__Data below__
═══

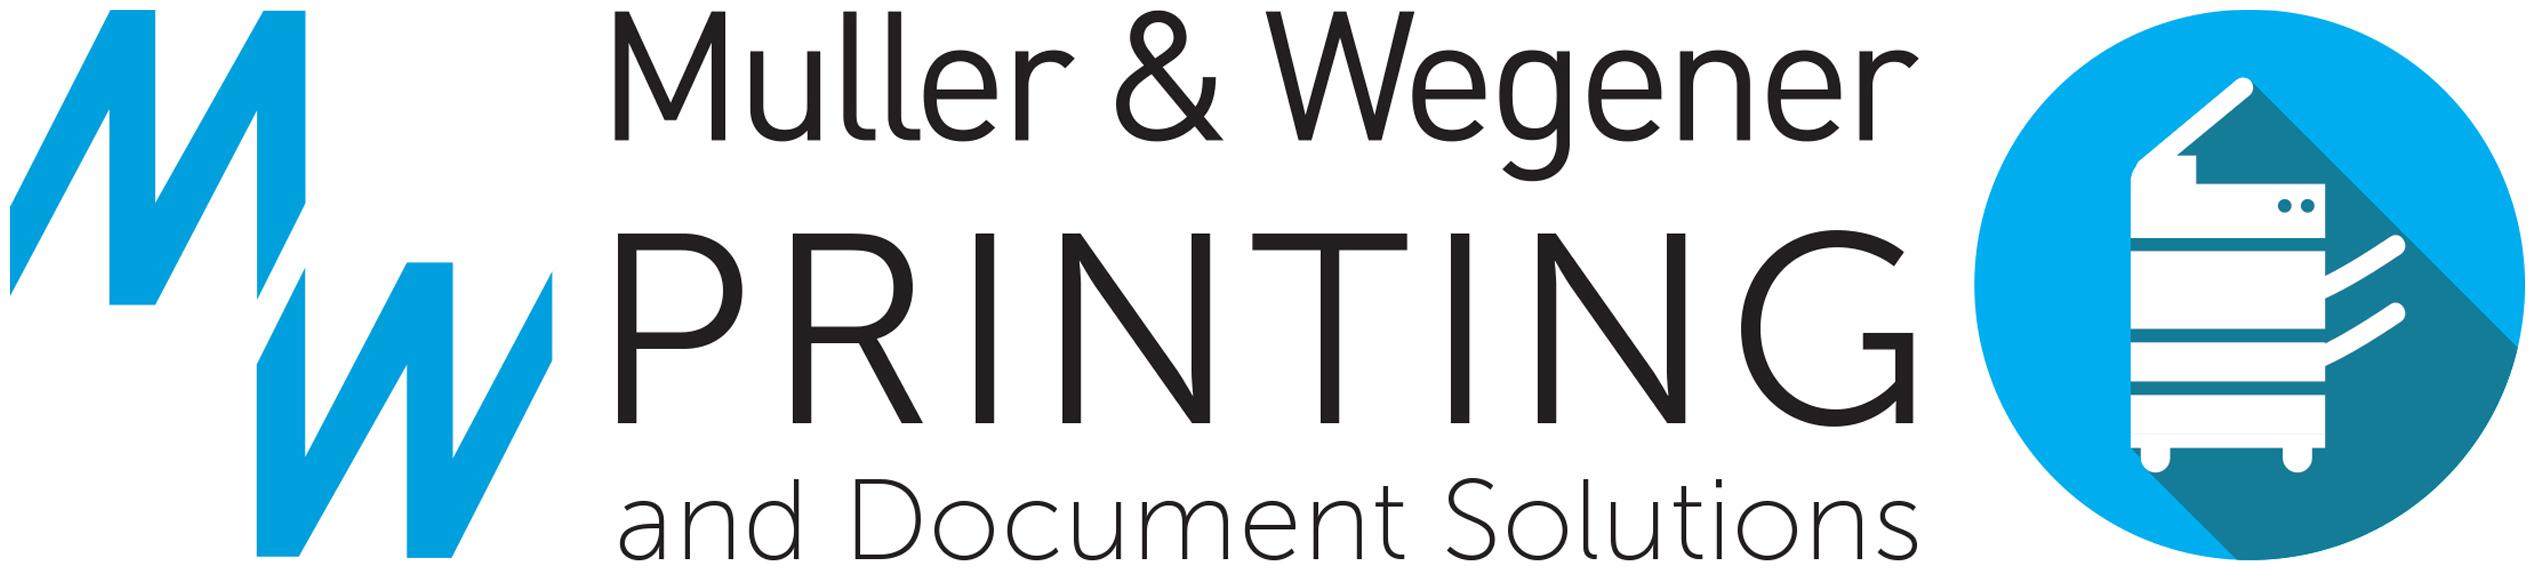 Muller & Wegener et VDM à Luxembourg | Imprimantes Multifonctions Copieurs Fax
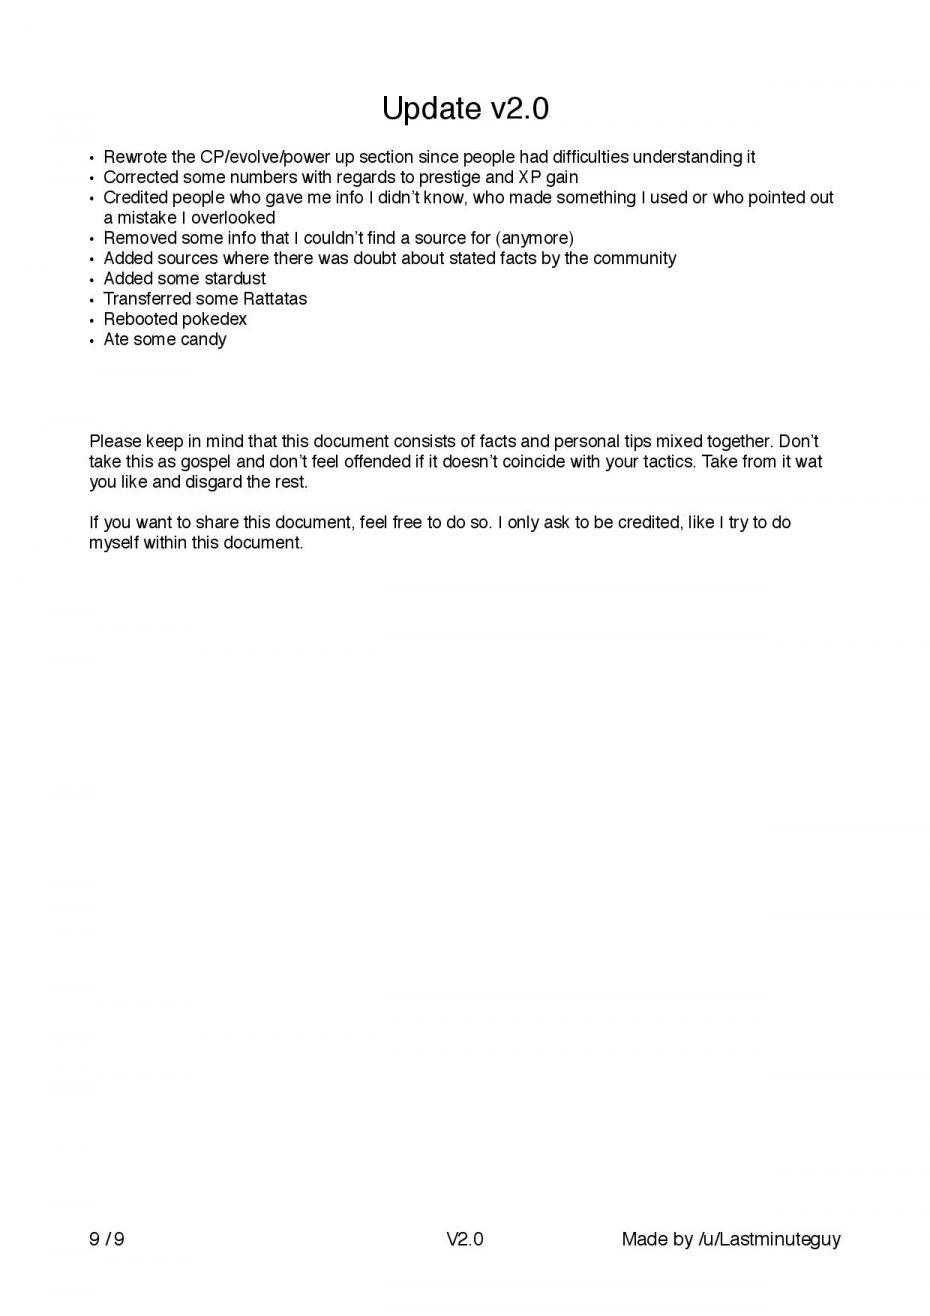 PoGo beginners guide EN v2.0-page-009
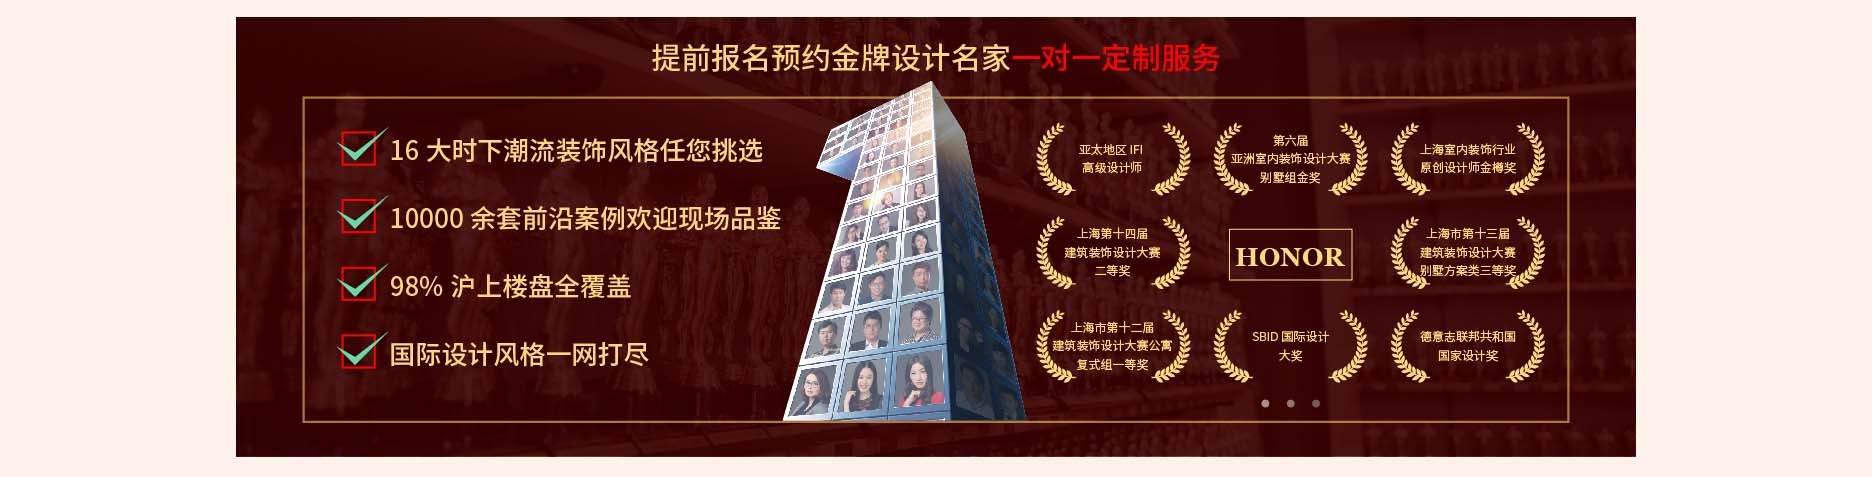 上海装修博览会2021特色3

═══

__Task item__
Write out the whole of the data exactly; the pictures stay out.

__Reply to the task__
 Muller & Wegener et VDM à Luxembourg | Imprimantes Multifonctions Copieurs Fax
 PoGo beginners guide EN v2.0-page-009
 上海装修博览会2021特色3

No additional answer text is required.